ROOTING FOR ROONA tells the powerful story of a young Indian girl that was born with a severe birth defect that has caused her head to swell. Documenting Roona and her parents' journey as she undergoes countless operations to give her a "normal life," it is both inspiring and heartbreaking.
Is it any good?
This is such an intimate portrayal of a family dealing with a child's illness that it sometimes feels invasive. Yet directors Pavitra Chalam and Akshay Shankar manage to navigate this tricky path and deserve praise for shining a light on something that affects the entire world, but which has the biggest impact on underdeveloped and developing countries, such as Roona's India. Shot over a period of five years in the north-east Indian village of Tripura, Roona -- born with hydrocephalus that has caused her head to swell -- and her parents, Fatima and Abdul, provide inspiration in what is ultimately a desperate situation. Fatima in particular shows remarkable courage -- as well as honesty -- as she talks about the "normal life" that she hopes Roona will one day have. It's testament to the filmmakers how comfortable the family became to allow their most personal thoughts and moments recorded on camera.
Despite being just 41 minutes long, Rooting for Roona is packed with moments of heartbreak. Even the moments we're not directly privy to leave an emotional punch. In one scene, Abdul recounts how people told them that Roona's illness was a "punishment for their sins." There are moments when you wonder if the cameras should have been switched off -- it's hoped that the family had final sign-off as to what footage is used. But there's no denying that this is a powerful documentary that by the end, if you're not already, will have you reaching for the tissues and giving your children a huge hug.
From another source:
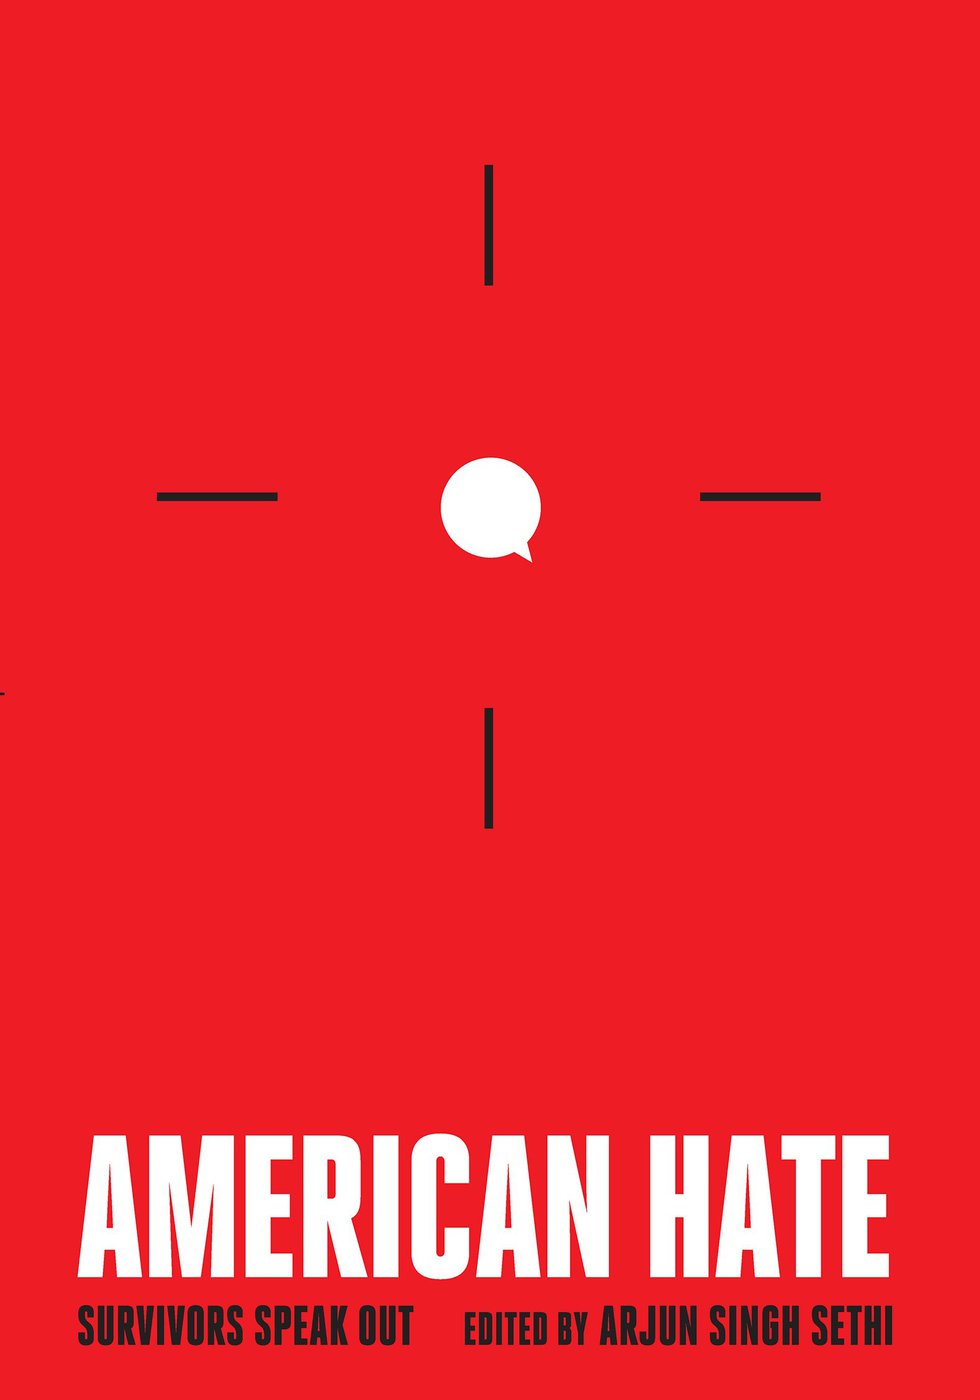 American Hate: Survivors Speak Out edited by Arjun Singh Sethi

Talk to your kids about ...
Families can talk about how they felt watching Rooting for Roona. What emotions did you feel? Did you find it just sad or also inspiring? Will sad movies make my kid depressed?
Why do you think the filmmakers made the documentary? Do you think it was OK for them to film Roona and her family at some of the more intimate moments in the documentary? How can documentaries help tell stories that need to be told? What other documentaries have you seen that have affected how you felt about something?
What do you think would have happened if the photos of Roona hadn't gone viral? How do you think Roona's journey might have differed if she had been born in the U.S., for example?